Чем, к примеру сказать, было вот это мешковидное чудище, этот храпящий холм, этот мертвенно тяжкий, вывихнутый какой-то кошмар? Мерзким и звероподобным выглядел он, лежавший, по-собачьи свернувшись, на Профессорском столе; ладно, пусть так, но что это? Кто-нибудь, пожалуй, сказал бы, что это мертвец, однако звуки сдавленного храпа исходили от него да временами посвист вроде того, какой издает, прорываясь сквозь зубчатую дыру в разбитом окне, ветер.

Впрочем, чем бы ни было это существо, ни страха, ни интереса не вызывало оно у двух, примерно, десятков мальчишек сонного, выпавшего из времени класса, у почти забытых всеми старшеклассников, имевших, судя по всему, свои, совсем особые заботы. Солнечные лучи проливались в высокое окно. Пыльная дымка наполняла комнату. Но ученикам было отнюдь не до сна.

Что происходило здесь? Сколько-нибудь приметного шума не слышалось, но напряжение, повисшее в воздухе, гулом отдавалось в ушах.

Ибо в комнате шла игра, сопряженная с опаснейшим риском. В ней-то и состояла отличительная особенность этого класса. Воздух был бездыханен. Те, кто не принимал участия в необычайном сражении, сидели на партах и шкафах. Вот-вот предстояло начаться новому туру. Бесхитростные лица зрителей были обращены к окну. Немало повидавшими казались они, эти жилистые дети случая. Ветераны уже вышли на позиции.

Все было готово. Из пола вынули две доски: первая подпирала подоконник, спускаясь под пологим углом. Потаенный испод ее с незапамятных времен отскабливался и натирался свечными огарками – он-то и глядел сейчас в потолок. Вторая длинная доска, также навощенная, лежала на полу встык с первой, образуя узкую, скользкую деревянную дорожку, футов на тридцать тянущуюся через класс от окна к противоположной стене.

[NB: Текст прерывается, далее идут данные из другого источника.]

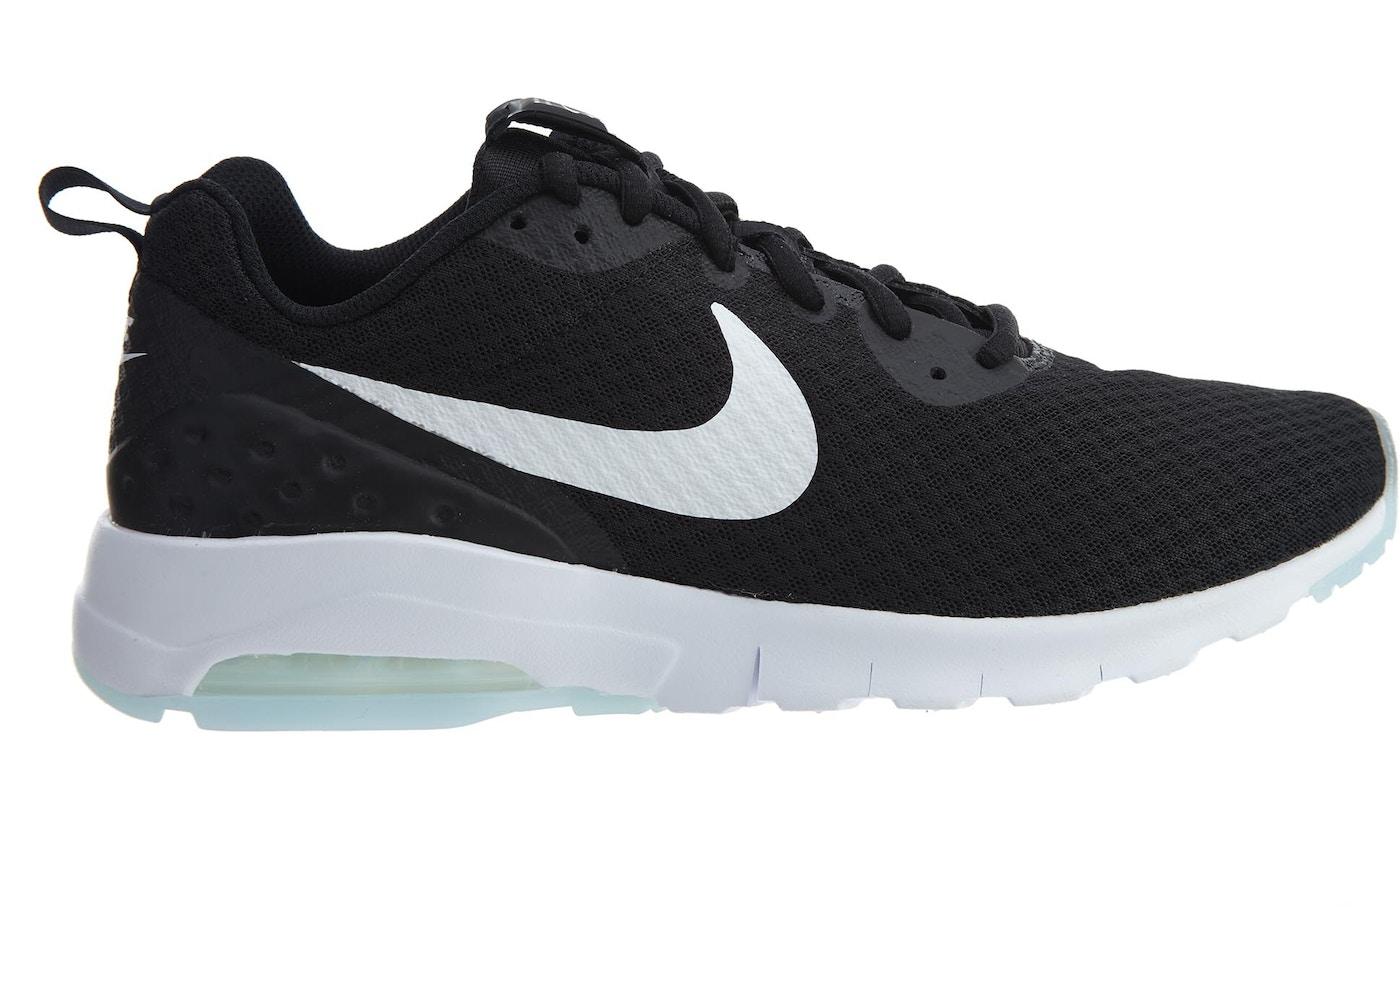 premium selection 3161e 33832 Nike Air Max Motion Lw Black White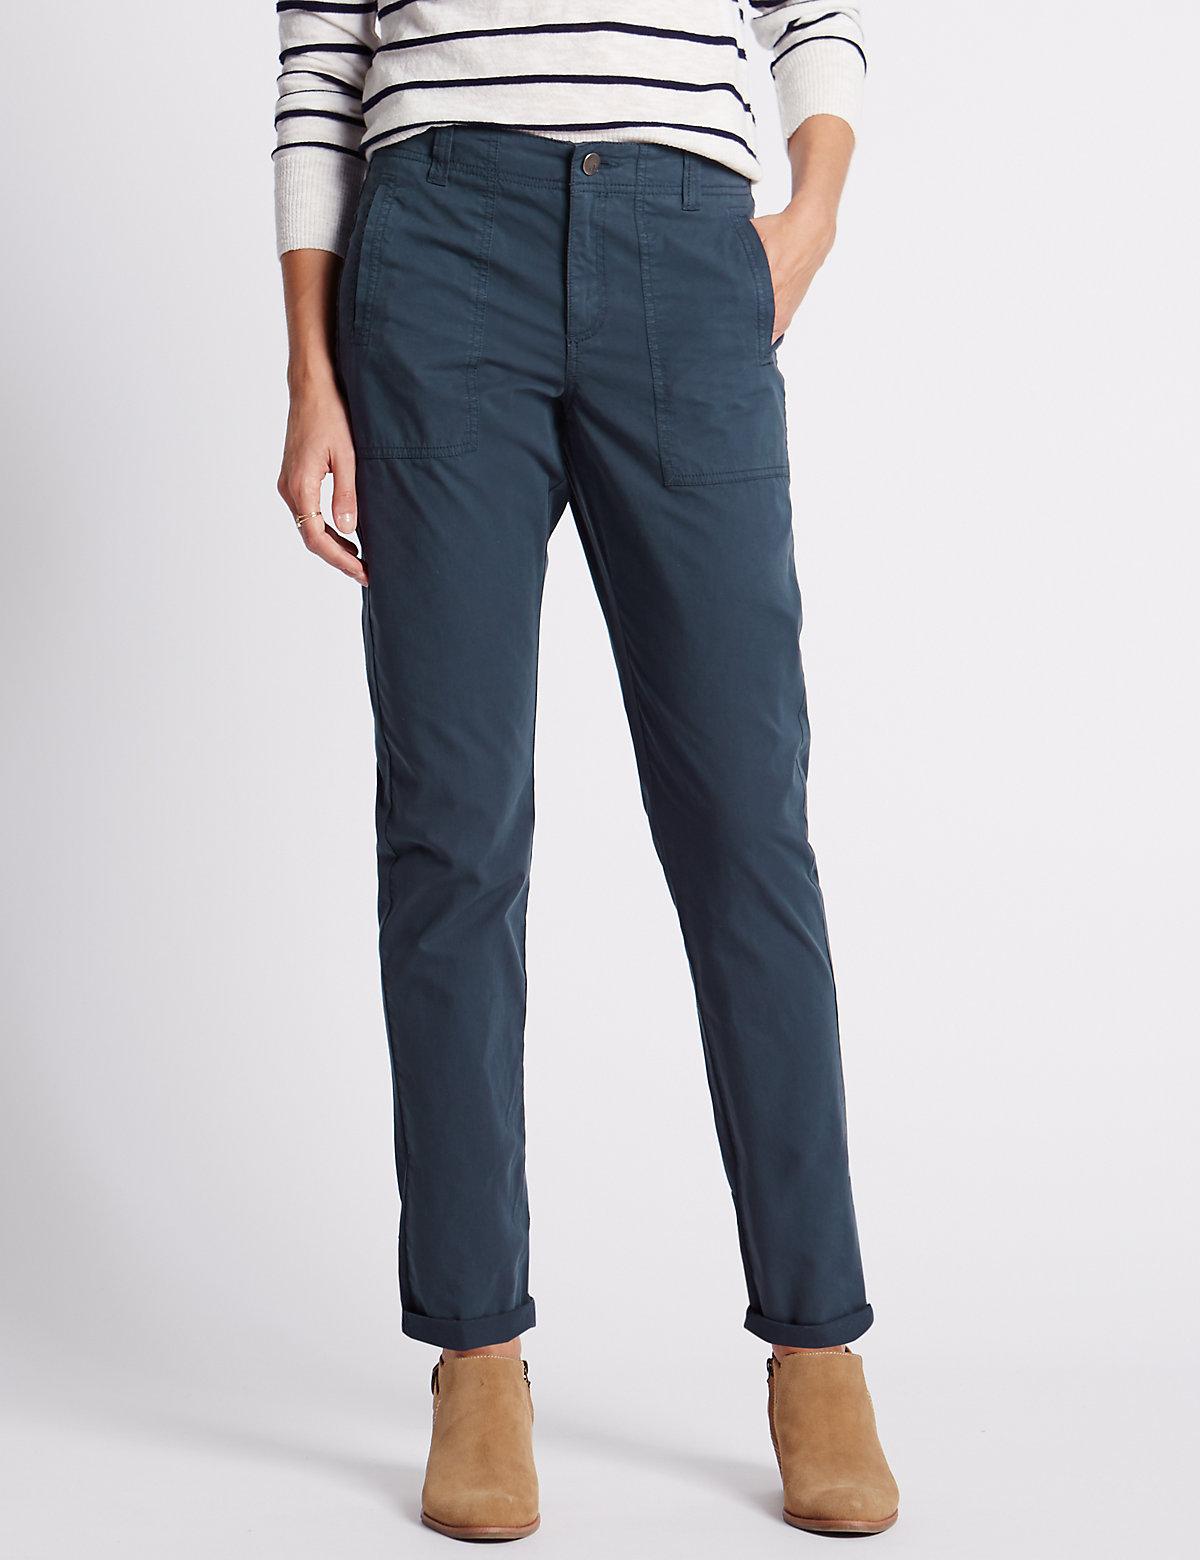 Indigo Collection Pure Cotton Pocket Cargo Trousers

Первый ход был за командой, сгрудившейся близ окна, и вот один из ее членов, черноволосый мальчишка с родимым пятном на лбу, вспрыгнул на подоконник, похоже, и не думая о том, что от него до земли – добрая сотня футов.

Вслед за тем члены противной команды, укрывшиеся за рядом парт в дальнем конце комнаты, разложили перед собой твердые, точно каштаны, бумажные пули, коими предстояло дать залп из обычных рогаток, круглая кожа которых стерлась от непрестанного использования до окончательной шелковистости. Прежде в дело шли пульки глиняные – даже стеклянные, но после третьей смерти, вследствие великих хлопот, коих потребовало сокрытие мертвых тел, решено было заменить их бумажными. Замена не сделала попадание пульки менее чувствительным – бумагу разжевывали, затем месили, добавляя к ней белую камедь, затем прессовали, зажимая в шарнирах на крышках парт. Летя с убийственной скоростью, такое ядро ударяло, точно хлыстом.